Jekyll & Hyde

Gertrude Jekyll designed the formal garden at Townhill Park House and may have been involved with the Arboretum at Marlhill Copse, although woodland doesn't appear to be her normal style. Her brother Walter (a clergyman who gave up religion to become a 'planter' in Jamaica) was a close friend of Robert Louis Stevenson who seems to have borrowed the family name for the "Strange Case of Dr. Jekyll and Mr. Hyde" which was written when Stephenson was bedridden in Bournemouth and published in 1886. In the same year Sigmund Freud set up his first clinical practice in neuropathology in Vienna.

The first Baron Swaythling (Montagu Samuel - owner of Townhill Park House) was elected as MP for Whitechapel in 1885. After the murder of Annie Chapman by 'Jack the Ripper' in 1888 Montagu offered a £100 reward for discovery of the criminal - who was never found. The London stage version of 'Dr. Jekyll and Mr. Hyde' was forced to close down because of hysteria surrounding the Whitechapel murderer.

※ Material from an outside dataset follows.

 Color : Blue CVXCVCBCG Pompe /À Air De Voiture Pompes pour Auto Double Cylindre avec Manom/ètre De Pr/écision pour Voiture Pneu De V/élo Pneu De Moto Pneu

Ewen Montagu (2nd son of the 2nd Baron) was an intelligence officer in charge of double agents in WW2 who conceived 'Operation Mincemeat' - a way of deceiving the Germans into believing that Sardinia rather than Sicily was a target for Allied invasion. This involved the gruesome pretence that the body of a 'tramp', who had died after eating rat poison (often spread on bread), was that of a drowned British Major Martin carrying invasion plans. Montagu identified the corpse as "a bit of a ne'er do well, and the only worthwhile thing he ever did he did after his death". As he was a barrister before the war and judge afterwards, Ewan Montagu was clearly no stranger to 'habeas corpus'. It was subsequently revealed that the homeless person was Glyndwr Michael. The proceedings were somewhat sanitised in the 1956 film "The Man Who Never Was", (Montagu had written the book of the same name) in which Montagu plays an Air Vice Marshal (uncredited). Montagu died in 1985. It wasn't until 1997 that Glyndwr Michael's name was added to the grave in Huelva. It was subsequently discovered that he was born in Aberbargoed (in 1909) which is, curiously, where I went to school.

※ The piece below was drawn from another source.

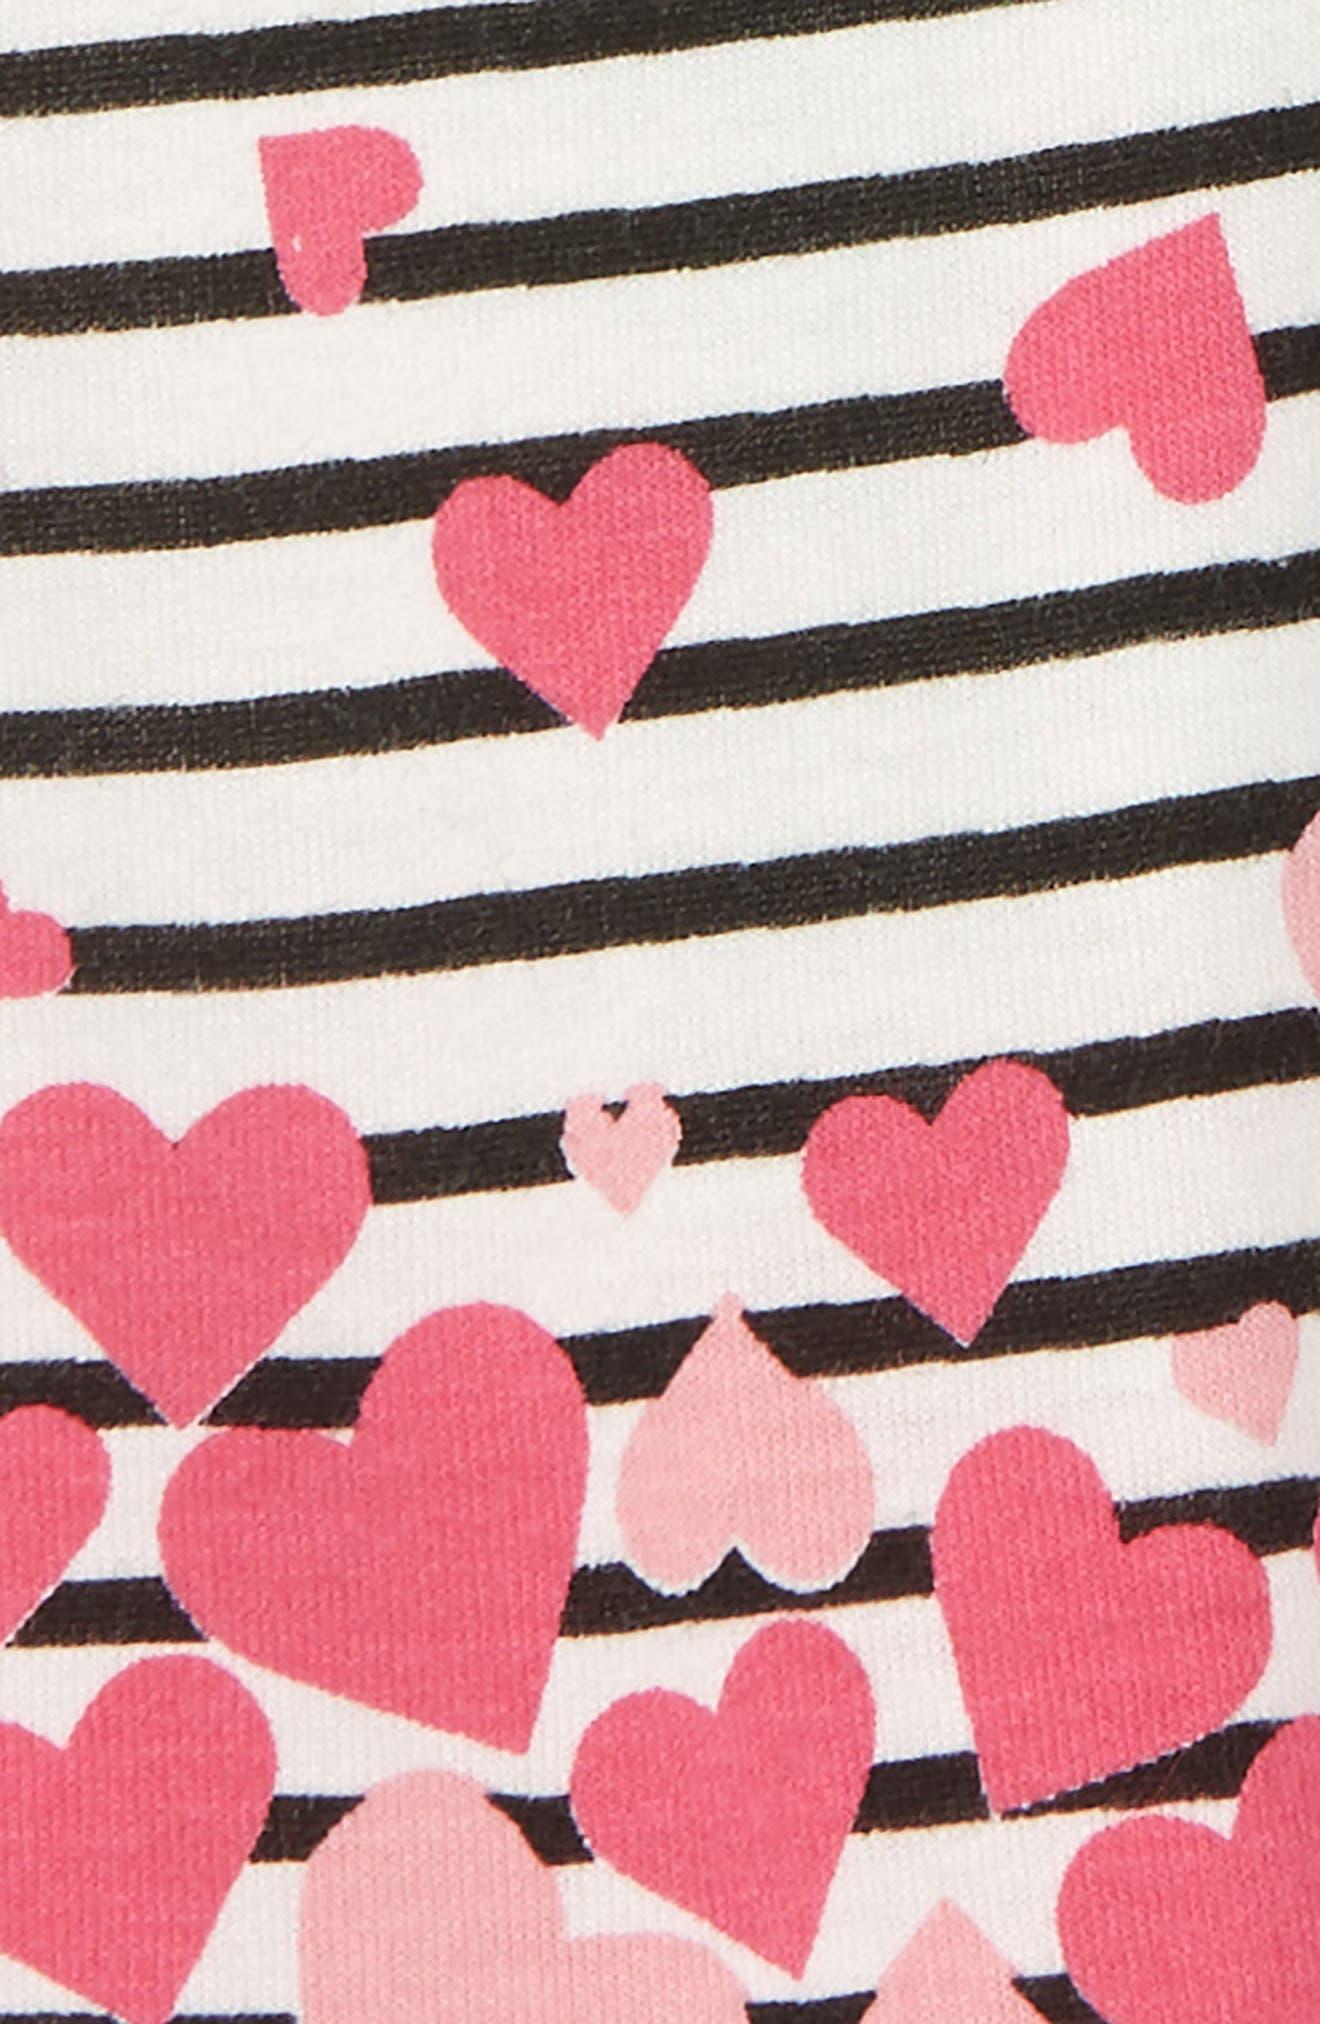 Heart Stripe Leggings,                             Alternate thumbnail 2, color,                             IVORY EGRET- BLACK STRIPE

MarlHillCopse999@gmail.com


Jack Palance as Mr. Hyde

R.L. Stevenson in 1885

"Major Martin"

Glyndwr Michael

Ewen's youngest brother Ivor was a filmmaker who worked on Alfred Hitchcock's 'The Lodger' (1927) about the hunt for a serial killer in London. He was the first film critic of The Observer. Ivor Montagu was awarded the Lenin Peace Prize in 1959 by the Soviet Government and was a champion 'ping pong' player.

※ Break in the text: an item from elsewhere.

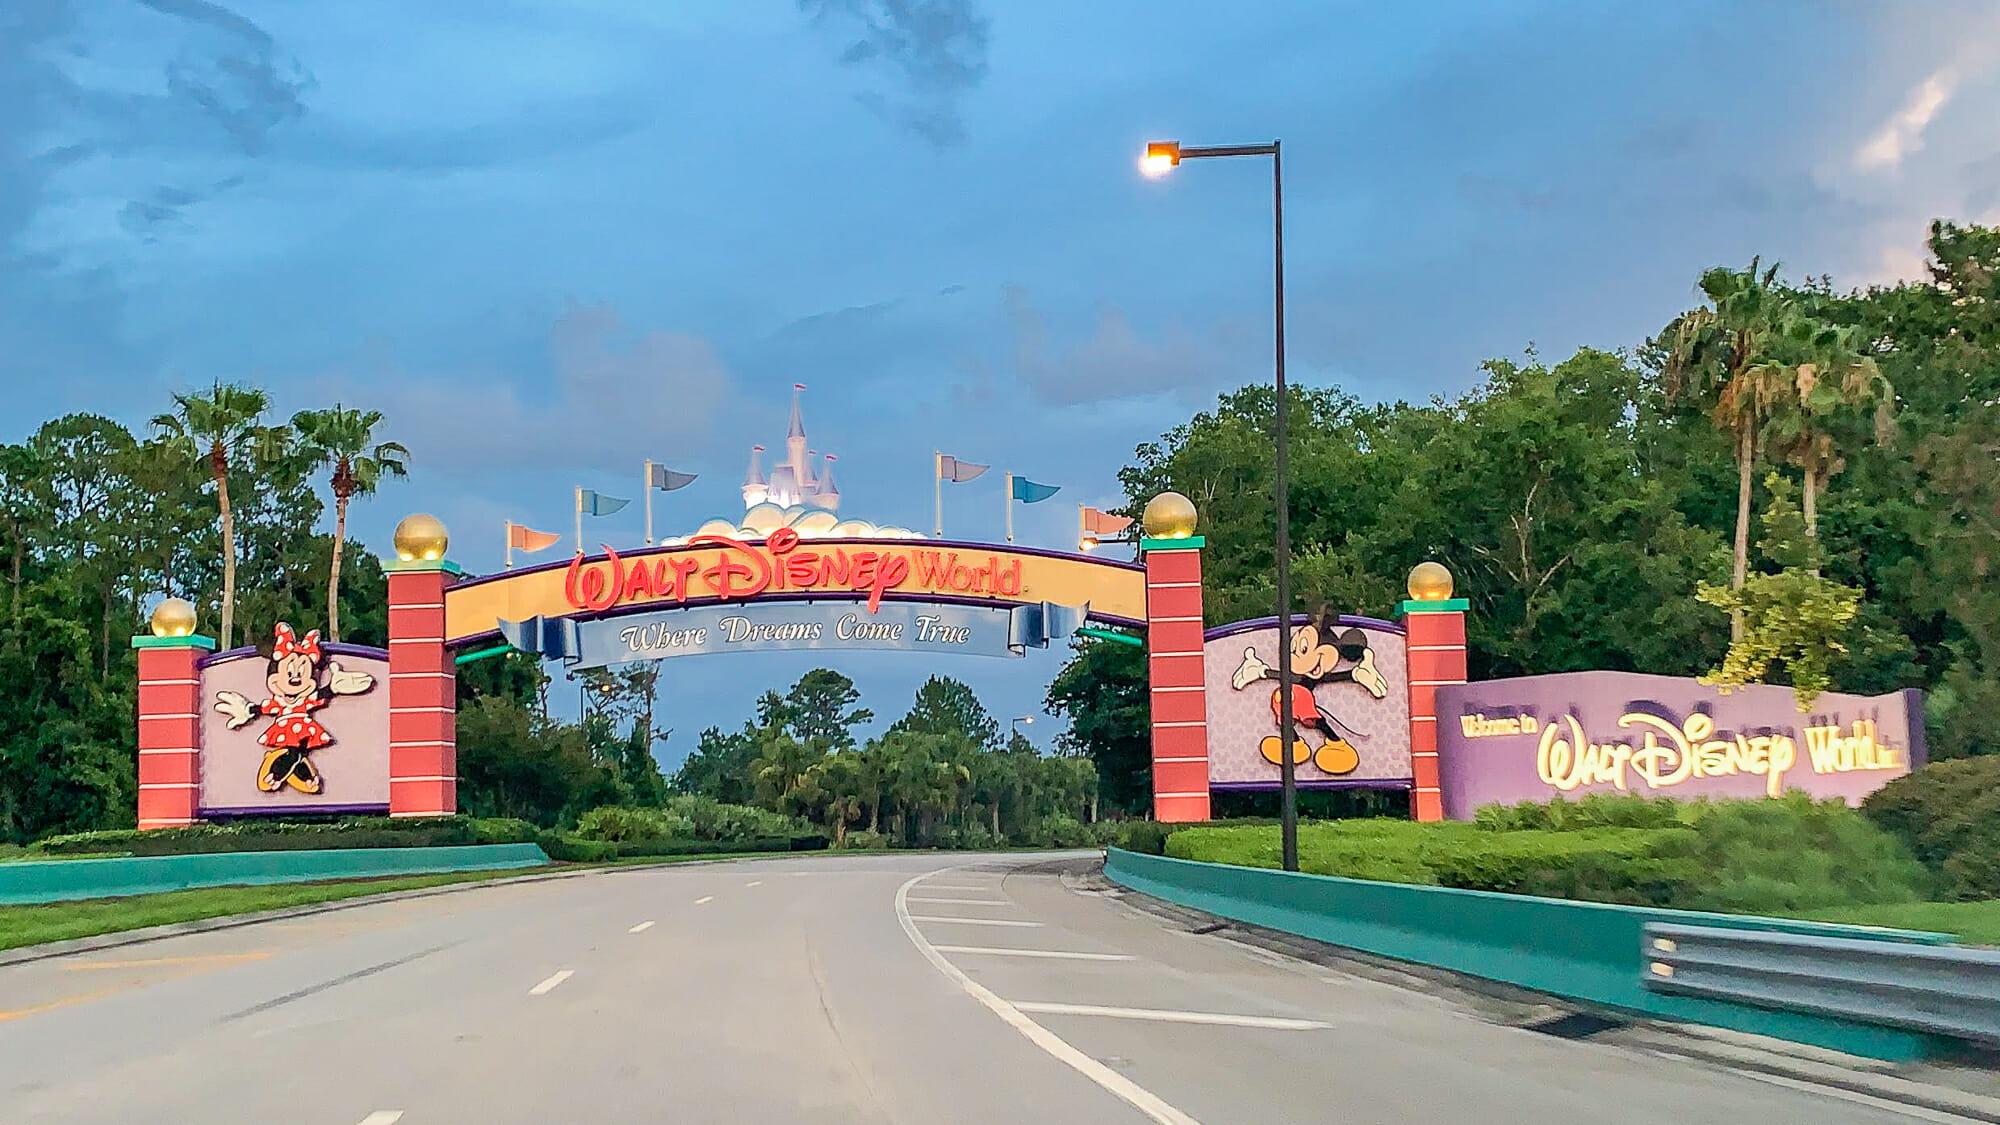 Foto do portal de entrada do complexo da Disney, que tem a Minnie e o Mickey de cada lado, com o céu azul ao fundo.

"The genesis for the ritual of planting a tree in the memory of a loved one is not new. The Jewish National Fund has linked its tree planting program [set up in 1908] and the revitalization of the forests in Israel with the honoring of individuals. Many synagogues have 'trees of life' with engraved leaves acknowledging the names of present and past congregants, and their families. And trees have been dedicated to Holocaust victims, righteous gentiles and many others. Our tradition embraces the tree as an important image of wisdom and life. We have the tree of knowledge in the Garden of Eden and the Torah itself is called a tree of life. Moreover, we have many parables, stores and Midrashim dealing with trees. " https://www.ritualwell.org/ritual/tree-memory

The Ist Baron Swaythling was a prominent Jewish banker who died in 1911 (He founded the bank Samuel Montagu & Co. which still exits today as a private equity bank). It seems very likely that his son and wife (from the Goldsmid banking family) commissioned the arboretum and gardens at Marlhill Copse, and planted the line of Montereys shortly afterwards to commemorate his death. The trees are not shown on the large scale OS map of 1908 but are in 1931 [see maps]. A further impetus could perhaps have been the sinking of the Titanic in 1912, on which another prominent Jewish financier (and perhaps known personally to the Montagu/Goldsmid family) of the time, Benjamin Guggenheim, died.